What you need to do: Where the line holding "Bild 7 Land" appears, start copying, and continue exactly through the last line of the listing, skipping pictures.
** Information provided follows **
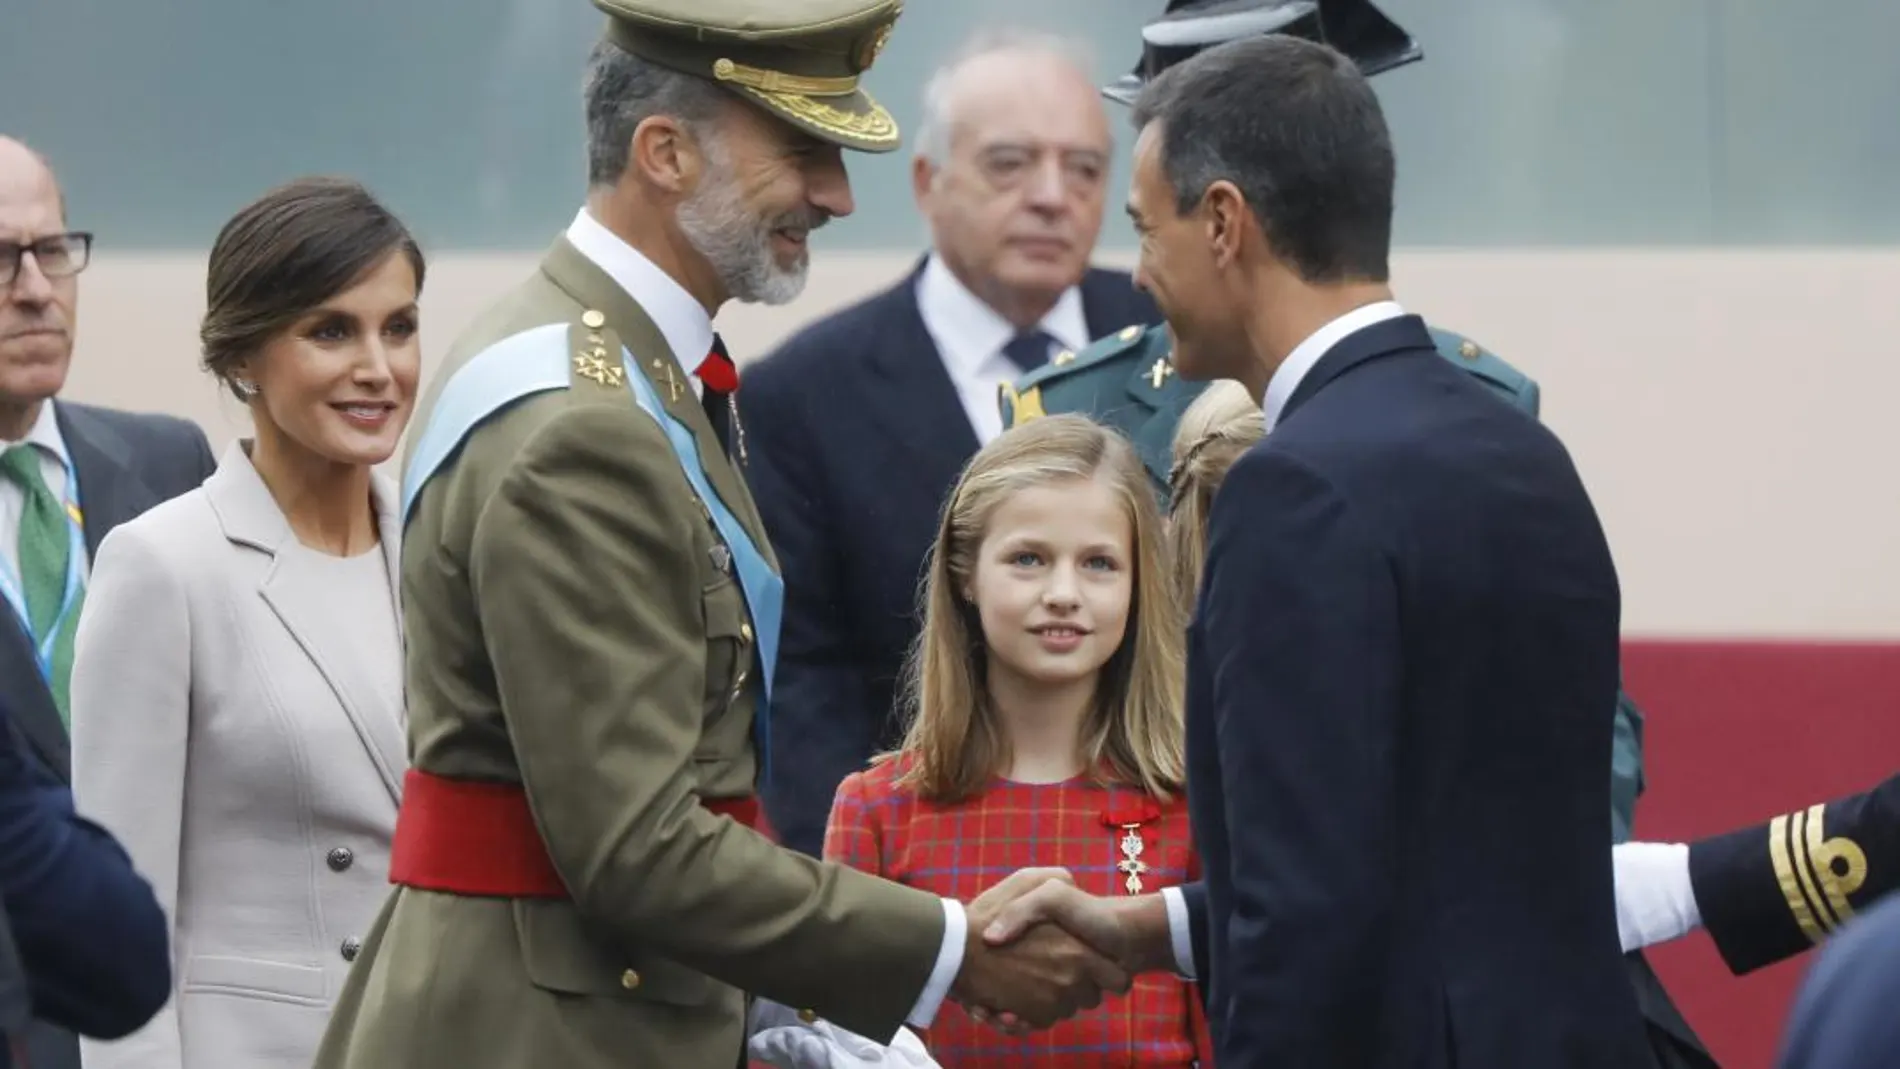 El presidente del Gobierno, Pedro Sánchez, saluda al Rey Felipe VI ante la presencia de la princesa Leonor y doña Letizia. Foto: Jesús G. Feria
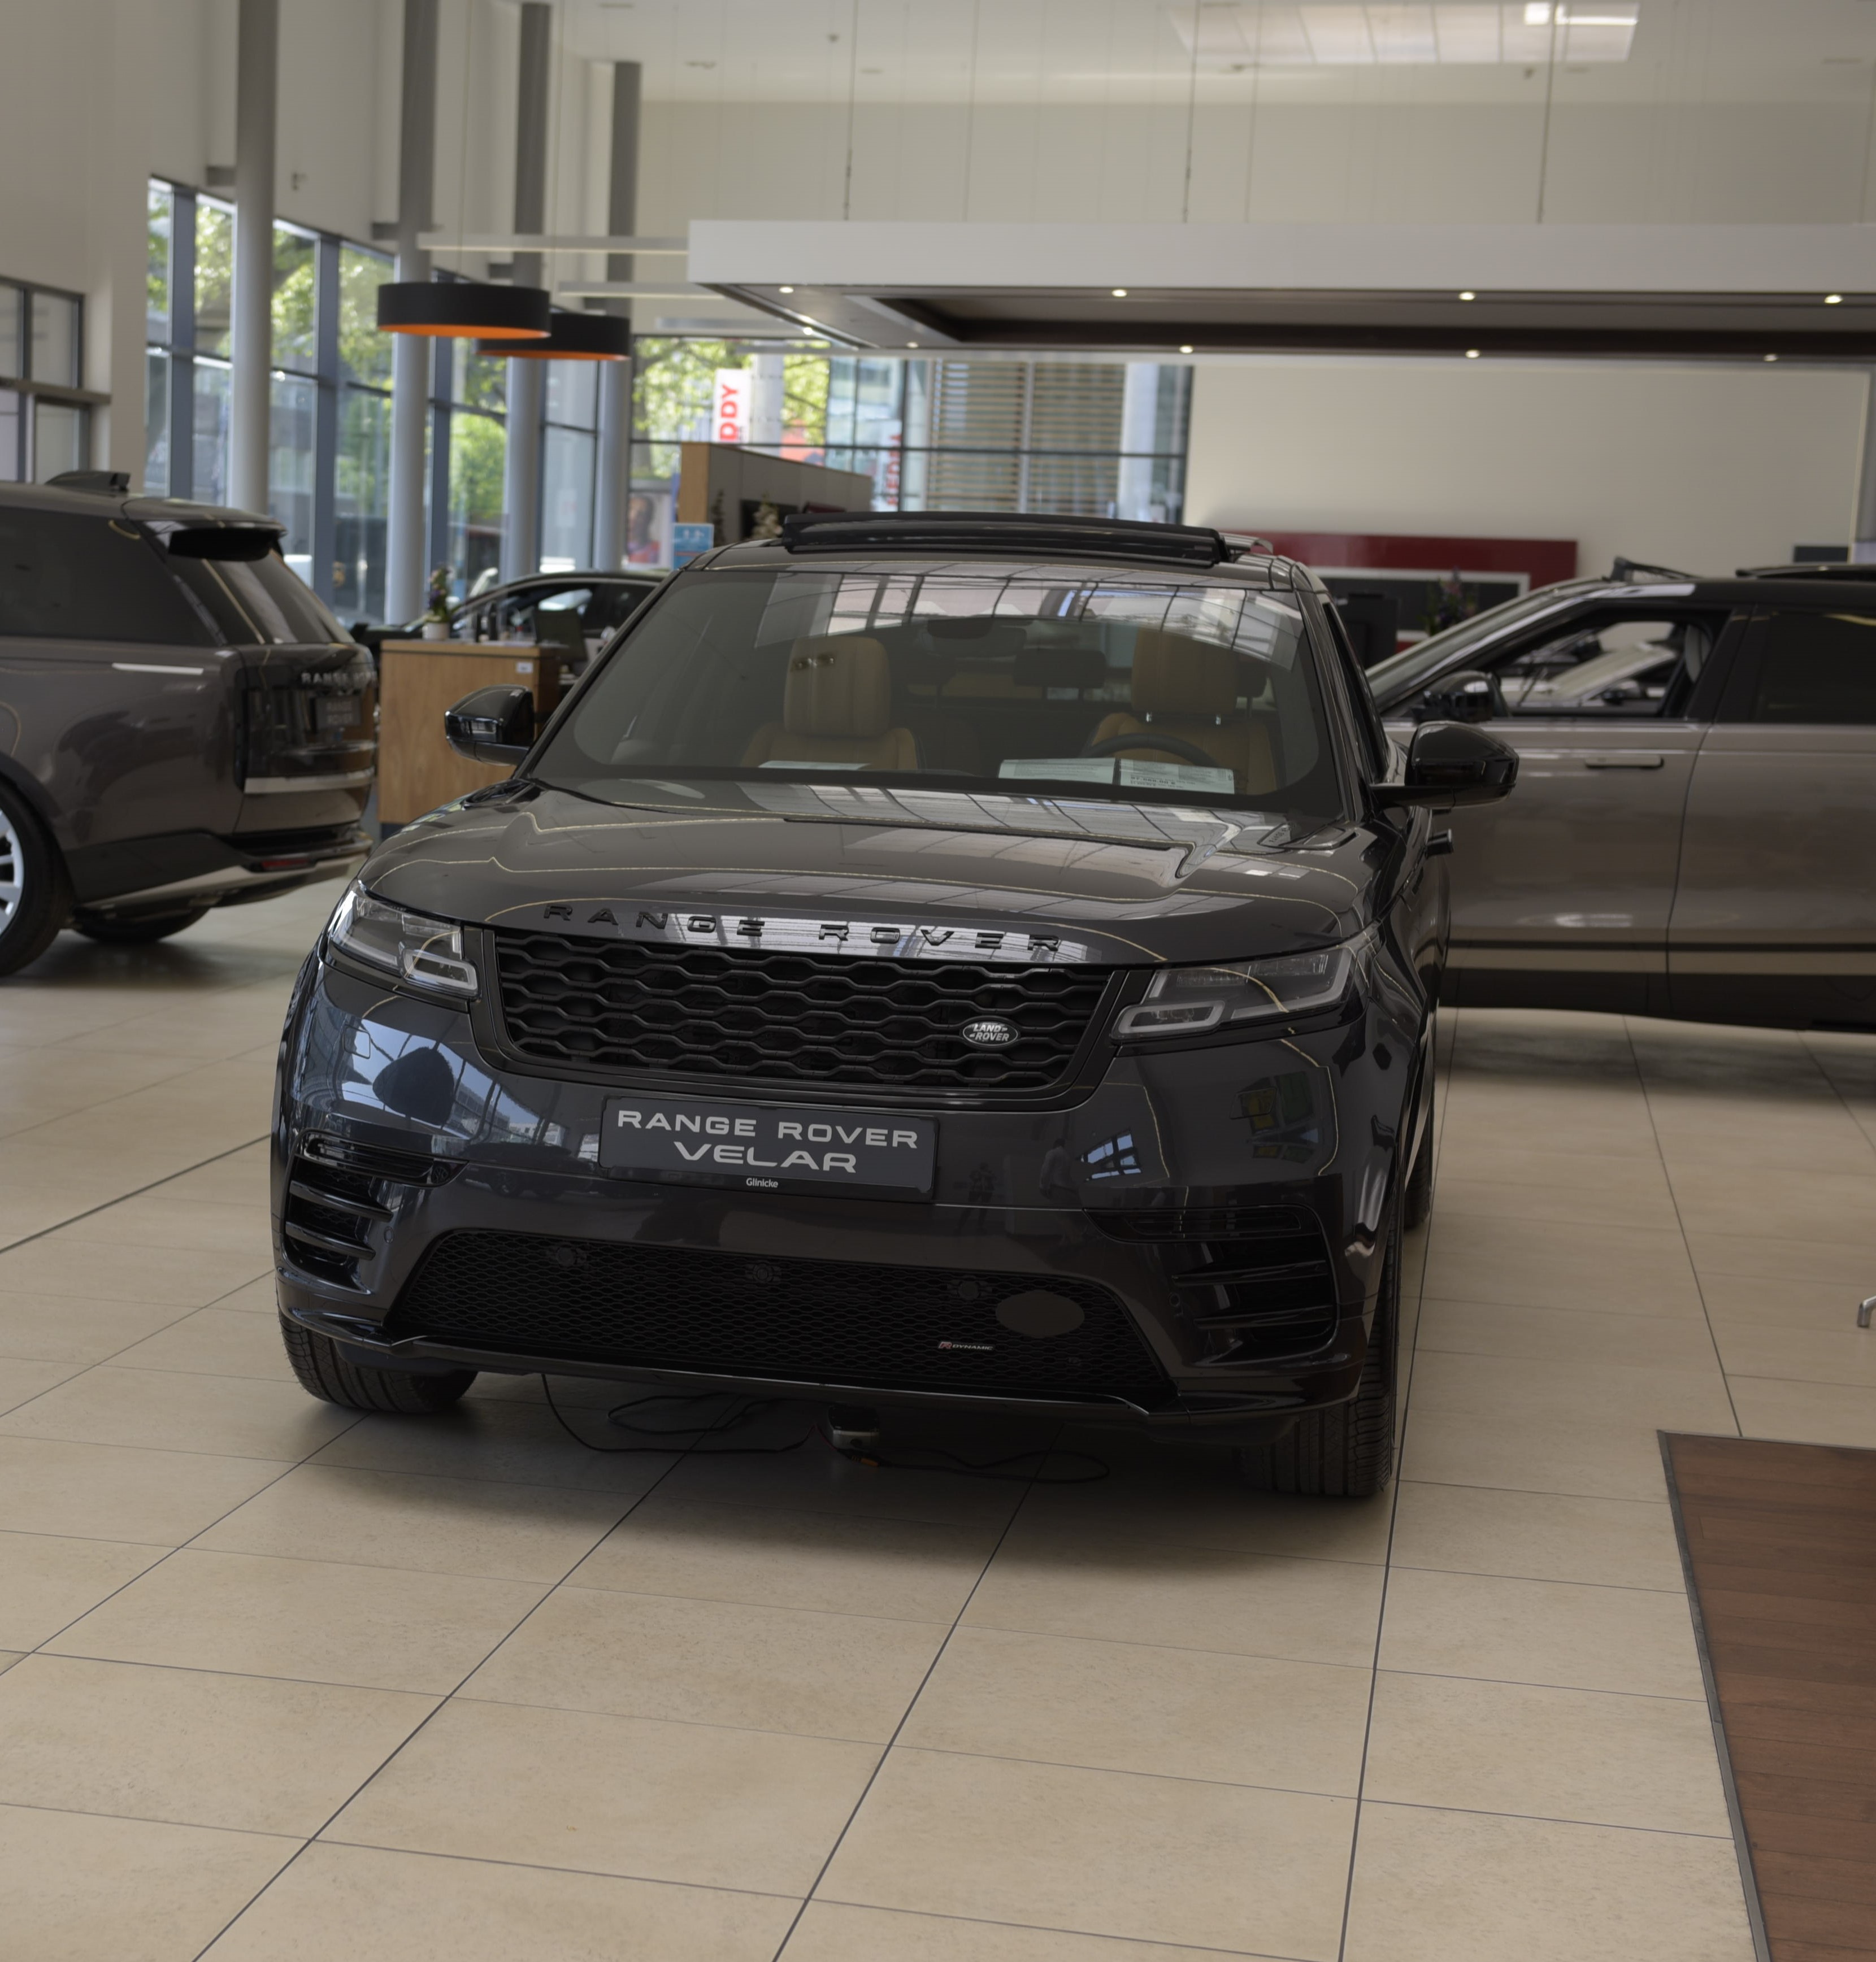 Bild 7 Land Rover Range Rover Autohaus | Glinicke | British Cars in Frankfurt am Main
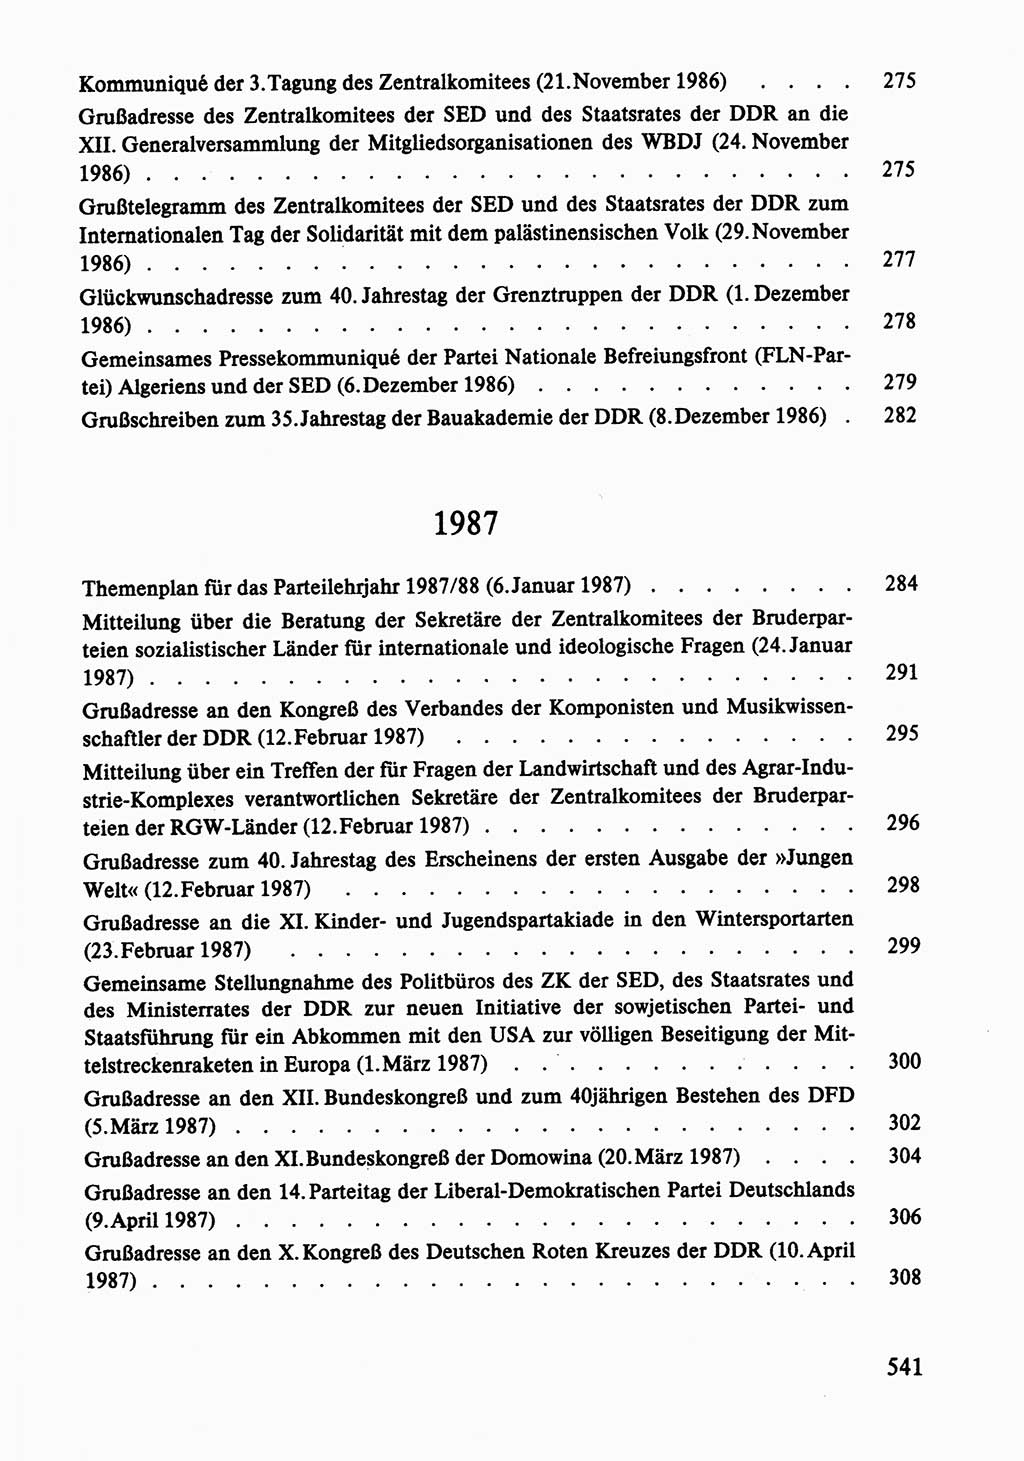 Dokumente der Sozialistischen Einheitspartei Deutschlands (SED) [Deutsche Demokratische Republik (DDR)] 1986-1987, Seite 541 (Dok. SED DDR 1986-1987, S. 541)
** End of Information provided **
Expected output:
 Bild 7 Land Rover Range Rover Autohaus | Glinicke | British Cars in Frankfurt am Main
 Dokumente der Sozialistischen Einheitspartei Deutschlands (SED) [Deutsche Demokratische Republik (DDR)] 1986-1987, Seite 541 (Dok. SED DDR 1986-1987, S. 541)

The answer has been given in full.